Why check unpaid estimates?
- If there has been a change in exposures, then the unpaid estimates have to be updated.
- "Are claims developing as expected, or are there any surprises?"
- A diagnostic to check if unpaid claim estimates are reasonable.
- Actual vs expected = Retroactive testing

What if actual development \(\gt\) expected development? (HUGH WHITE). Options are:
1. Reduce IBNR (speedup in reporting) Expected Claims
2. Leave IBNR unchanged (large reported claim, black swan). Future is as per expectation. B-F
3. Increase IBNR. (deterioration of claims ratio). Development

Expected Emergence

Expected Reported Claims between \(t\) and \(t+1\)

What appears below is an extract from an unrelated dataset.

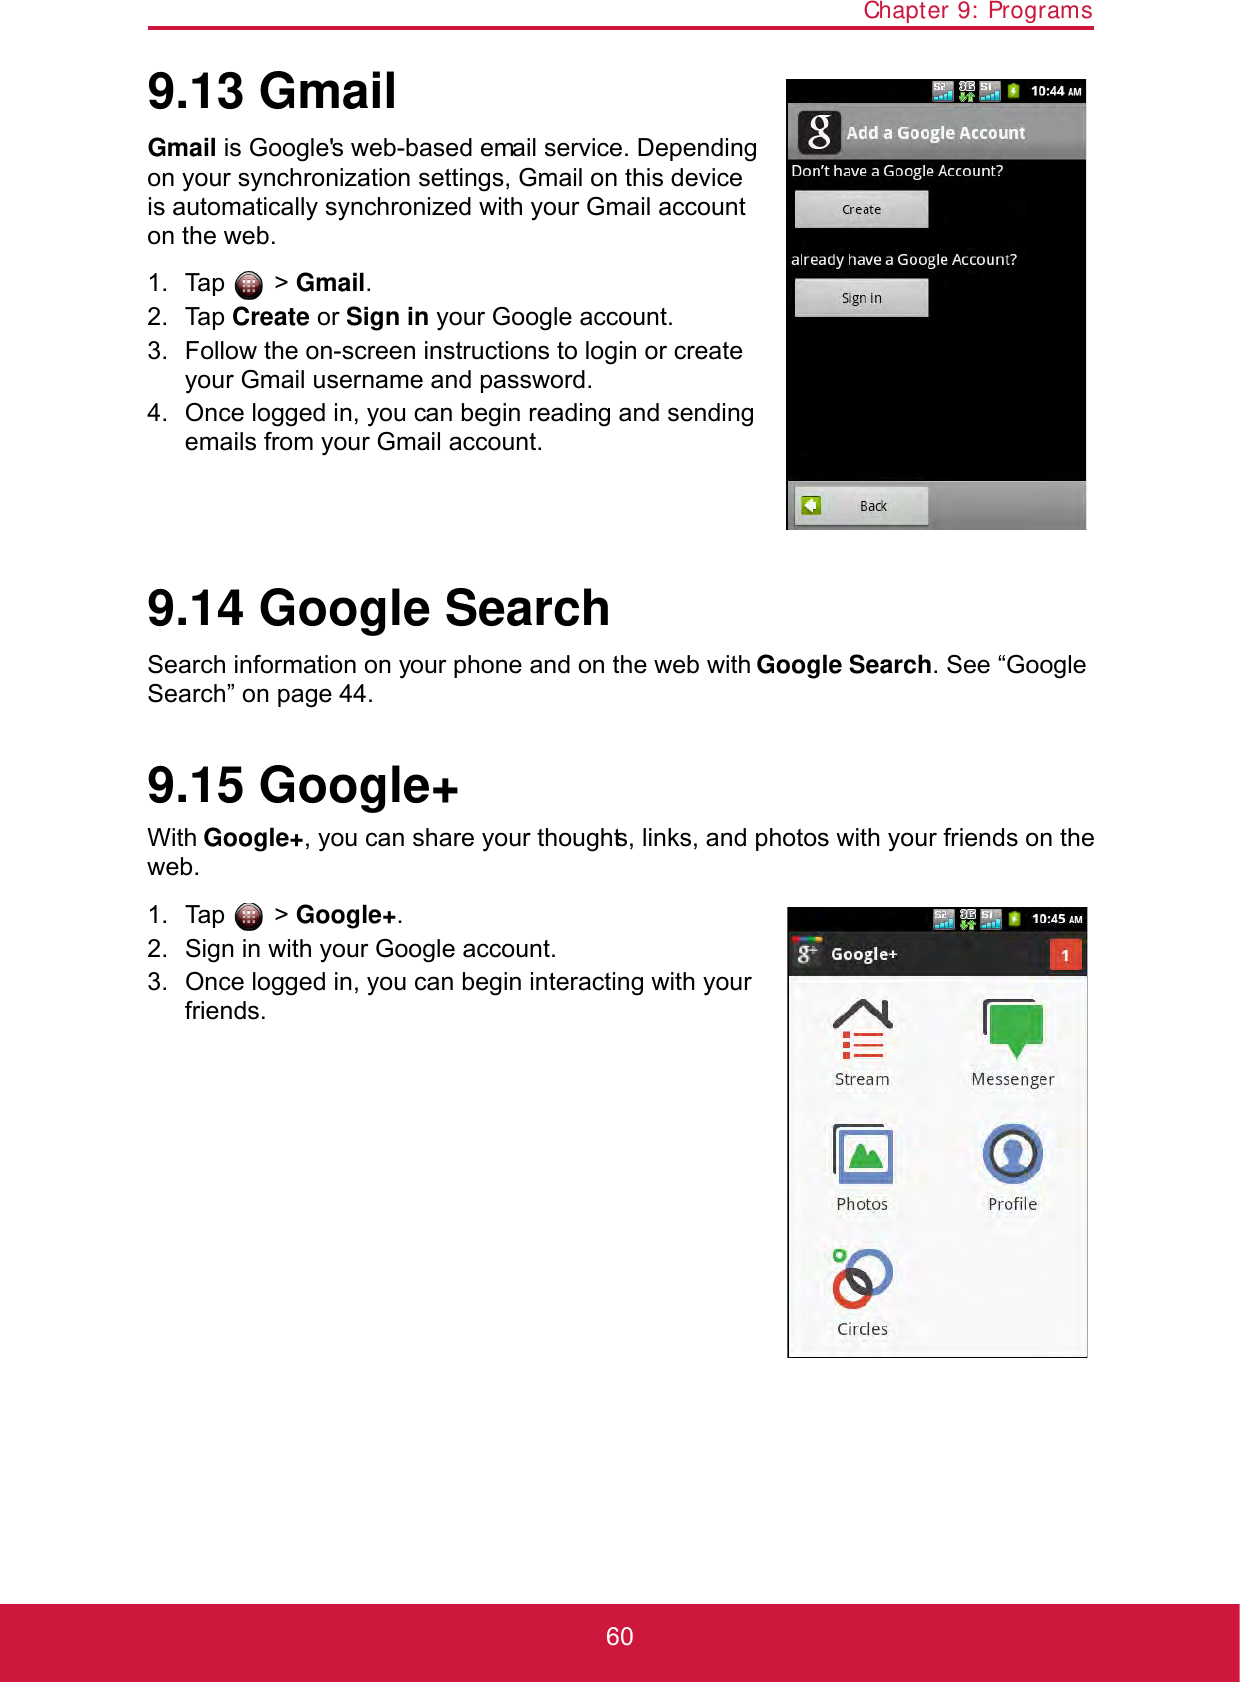 Chapter 9: Programs609.13 GmailGmail is Google&apos;s web-based email service. Depending on your synchronization settings, Gmail on this device is automatically synchronized with your Gmail account on the web.1. Tap  &gt; Gmail.2. Tap Create or Sign in your Google account.3. Follow the on-screen instructions to login or create your Gmail username and password.4. Once logged in, you can begin reading and sending emails from your Gmail account.9.14 Google SearchSearch information on your phone and on the web with Google Search. See “Google Search” on page 44.9.15 Google+With Google+, you can share your thoughts, links, and photos with your friends on the web.1. Tap  &gt; Google+.2. Sign in with your Google account.3. Once logged in, you can begin interacting with your friends. 
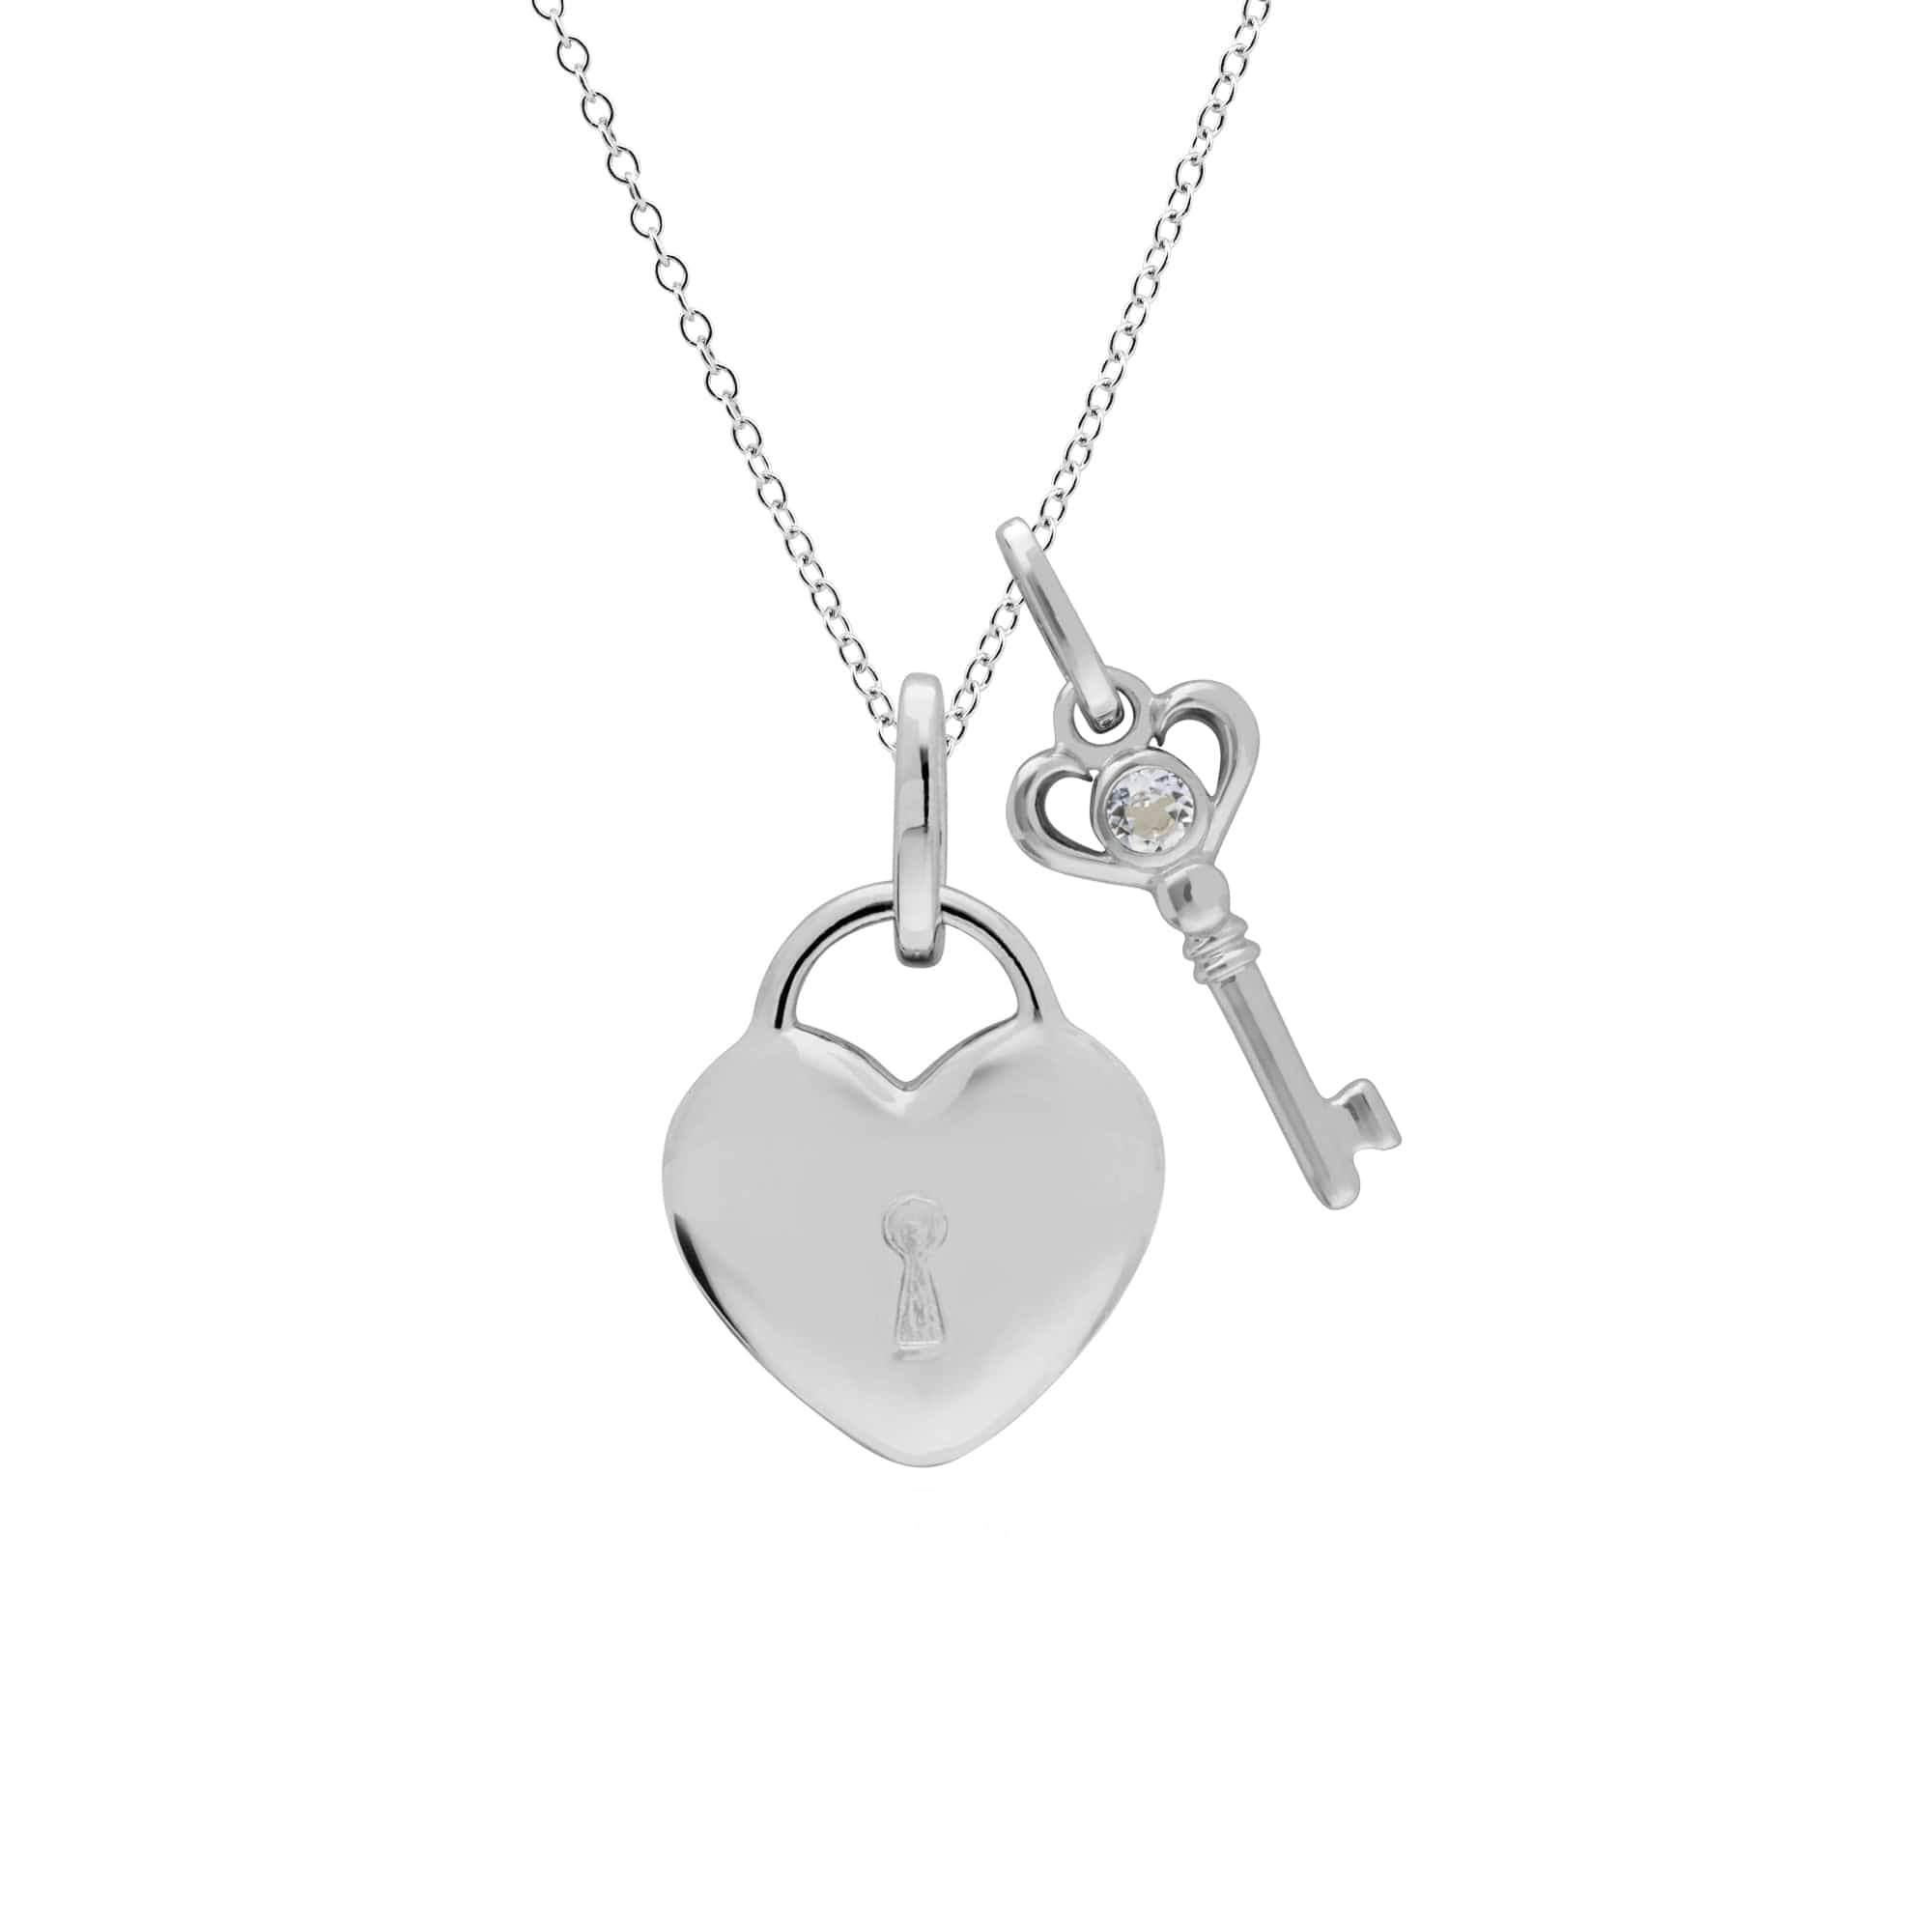 270P026409925-270P027001925 Classic Heart Lock Pendant & Clear Topaz Key Charm in 925 Sterling Silver 1

\[ (\text{Ult claims} - \text{Cum. Rept claims}_{t}) \times \dfrac{\%Rept_{t+1} - \%Rept_{t}}{1 - \%Rept_{t}} \]
  • This formula preserves current IBNR/unpaid claims
  • %rept or %paid = 1/CDF

Development for Ultimate estimates

Then the following are equivalent to Expected Reported Claims between \(t\) and \(t+1\)
- \(\text{Cum. rept claims}_{t} \times \left(LDF_{(t,t+1)} -1\right)\)
- \(\text{Ult Claims} \times(\%Rept_{t+1} - \%\mathrm{Re}pt_{t})\)

Interpolation

  • Linear interpolation within a quarter \(\to\) more reasonable expected emergence estimate than that within an entire year.
    • \(\impliedby\) Development higher for earlier maturities and decreases over time.
  • Linear interpolation assumption is not reasonable for prolonged periods
    • Most development will tend to occur earlier in the year than later in the year.